I tried to put the if condition after the loops but it did not help either.
Thank you for your help
real, shared :: s_d_aaa_adk(0:15,0:15)
real, shared :: s_d_bbb_adk(0:15,0:15)
real, shared :: s_d_ccc_adk(0:15,0:15)
d_k = (blockIdx%x-1)
s_d_j = threadIdx%x-1
s_d_l = threadIdx%y-1
if(d_k == kmax-1)then
s_d_aaa_adk(s_d_j,s_d_l) = 0
s_d_bbb_adk(s_d_j,s_d_l) = 0
s_d_ccc_adk(s_d_j,s_d_l) = 0
endif
do d_k = 0, kmax-2
s_d_bbb_adk(s_d_j,s_d_l) = d_bbb(s_d_j,d_l,d_k+1)
s_d_ccc_adk(s_d_j,s_d_l) = d_ccc(d_j,s_d_l,d_k+1)
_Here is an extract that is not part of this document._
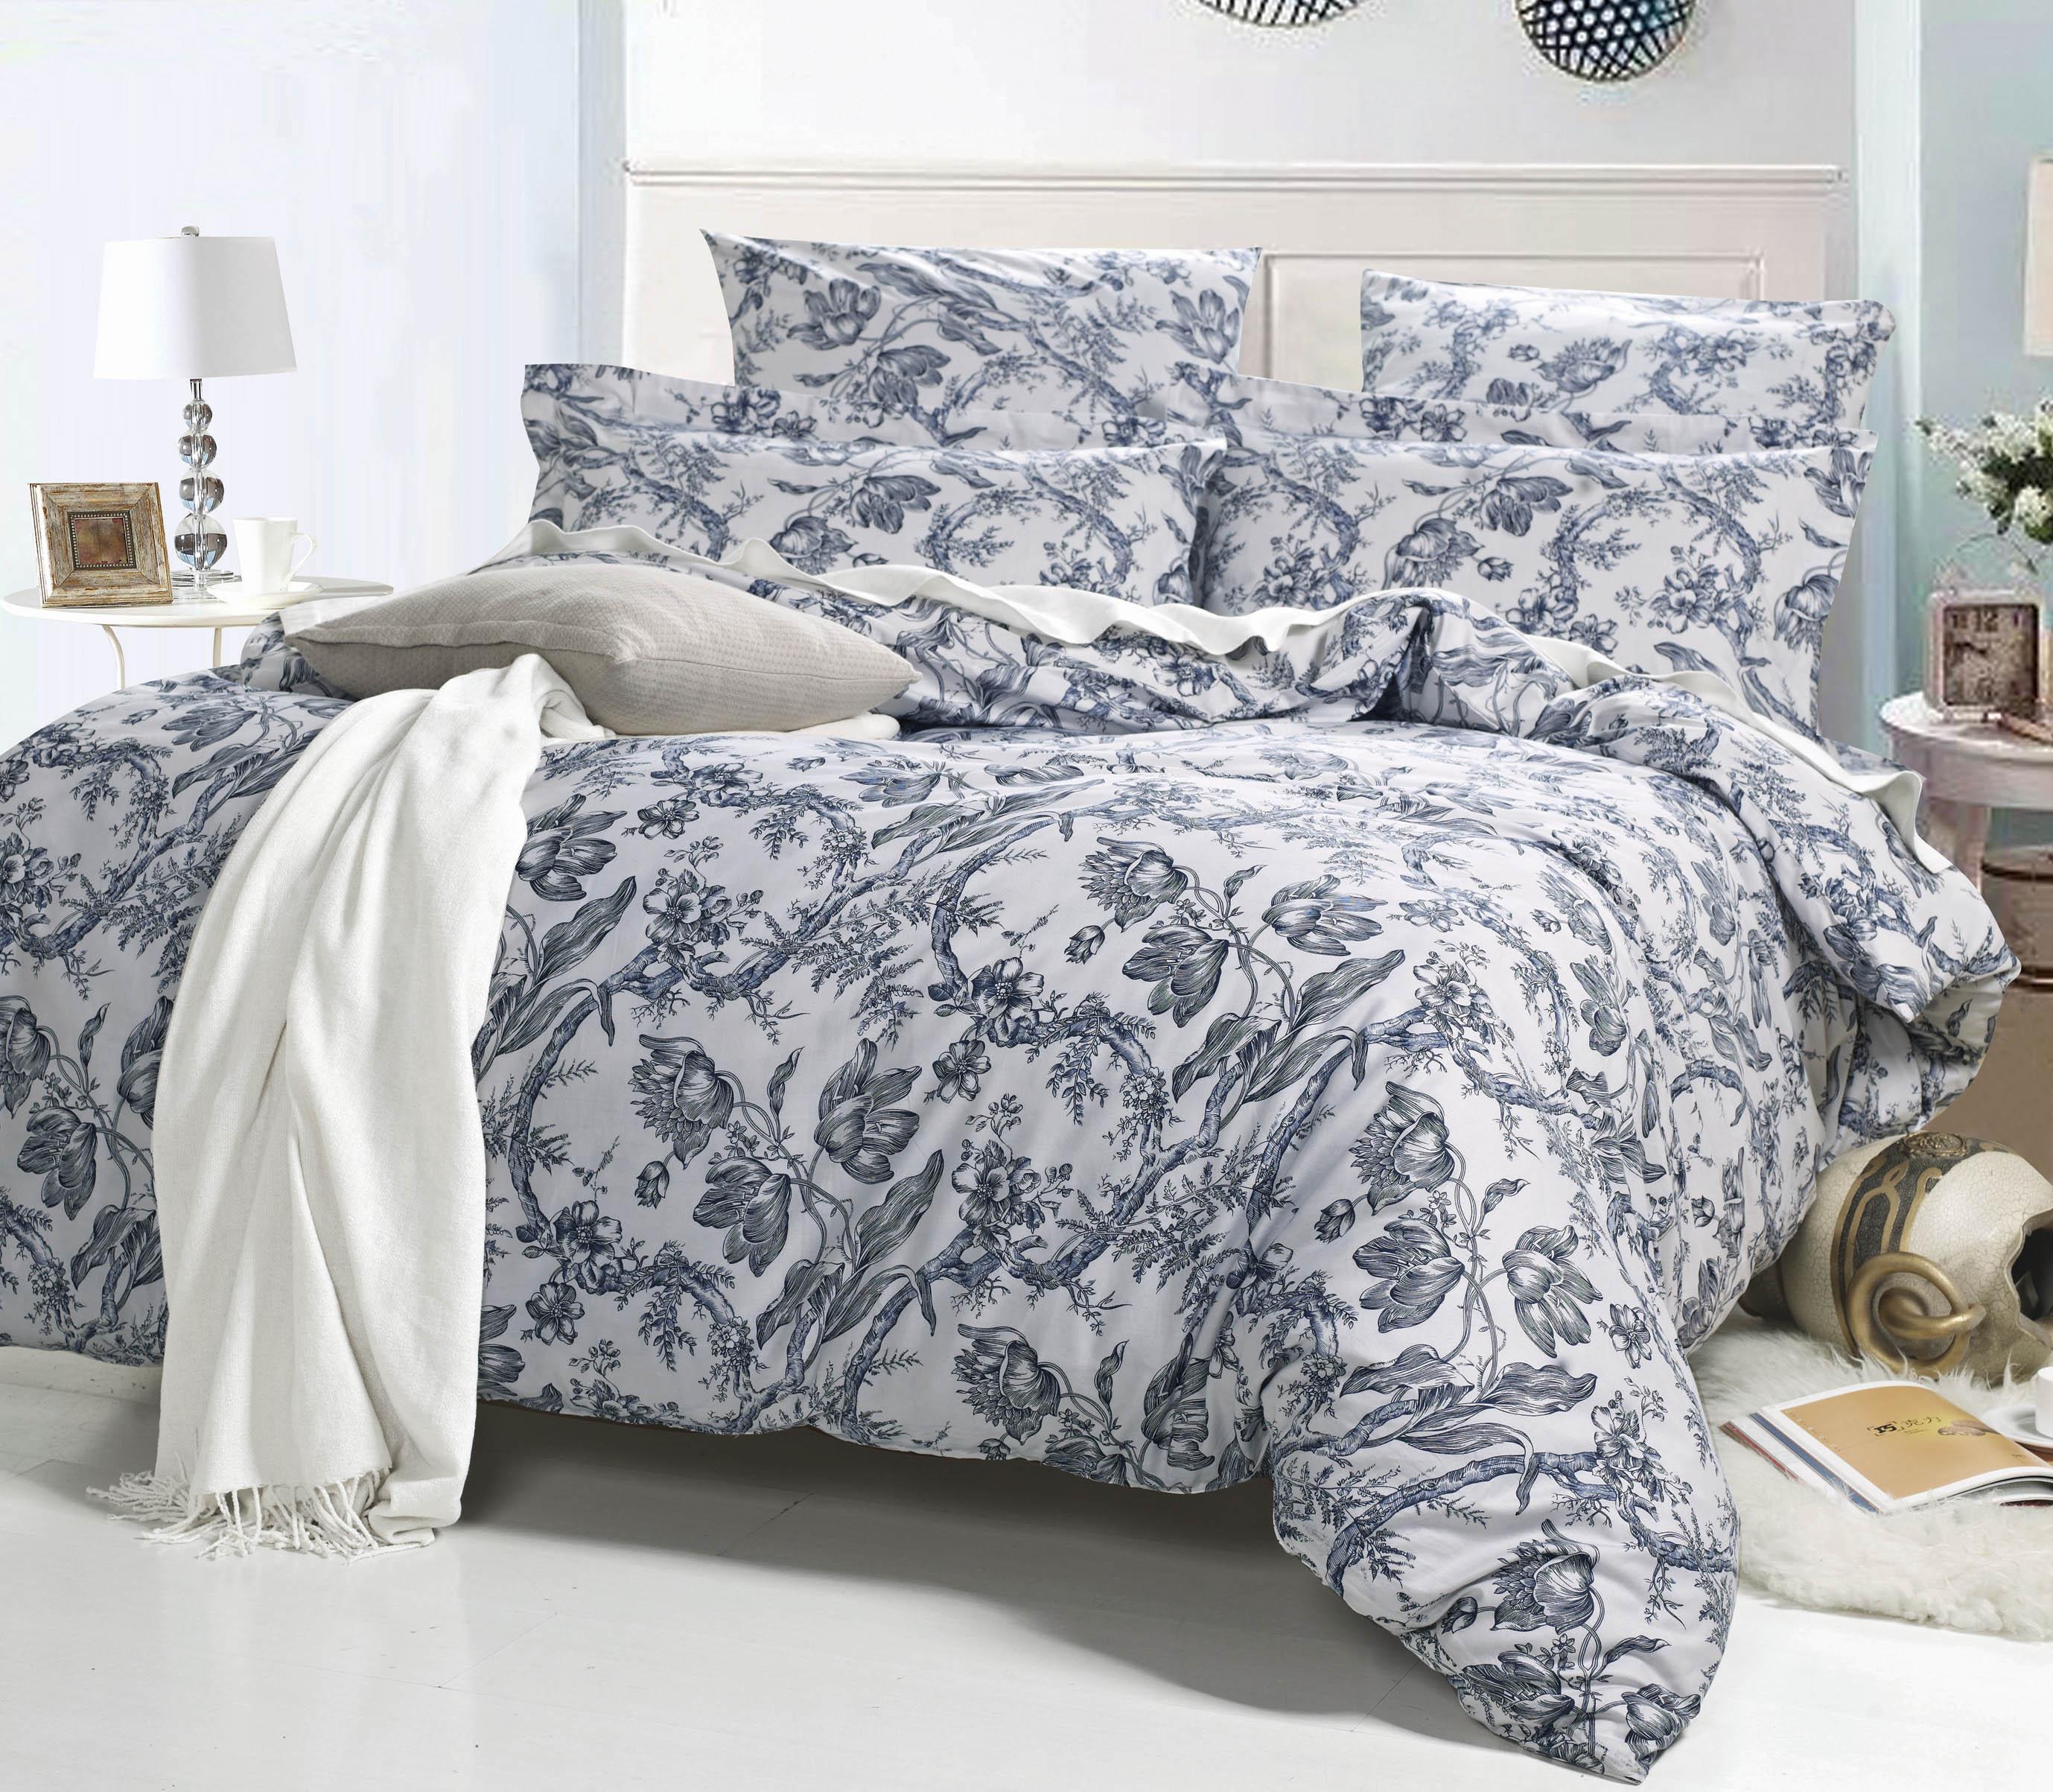 Комплекты постельного белья СайлиД Постельное бельеViola(2 сп. евро) постельное белье сайлид евро d 156

s_d_aaa_adk(s_d_j,s_d_l) = d_aaa(d_j,s_d_l,d_k+1)
end do `
I set all global memory array size to be (16,16, kmax),
the grid is (128,1,1), block (16,16,1), and the
the kernel is launched as testkernell<<<grid,block>>>()

Since you're conditioning the if statement on d_k, which is derived from the block index:
d_k = (blockIdx%x-1)
if(d_k == kmax-1)then
This means that only one block out of the 128 in your grid will actually execute the if statement, setting those particular shared memory values to zero. Most of your blocks will not execute what's inside the if statement.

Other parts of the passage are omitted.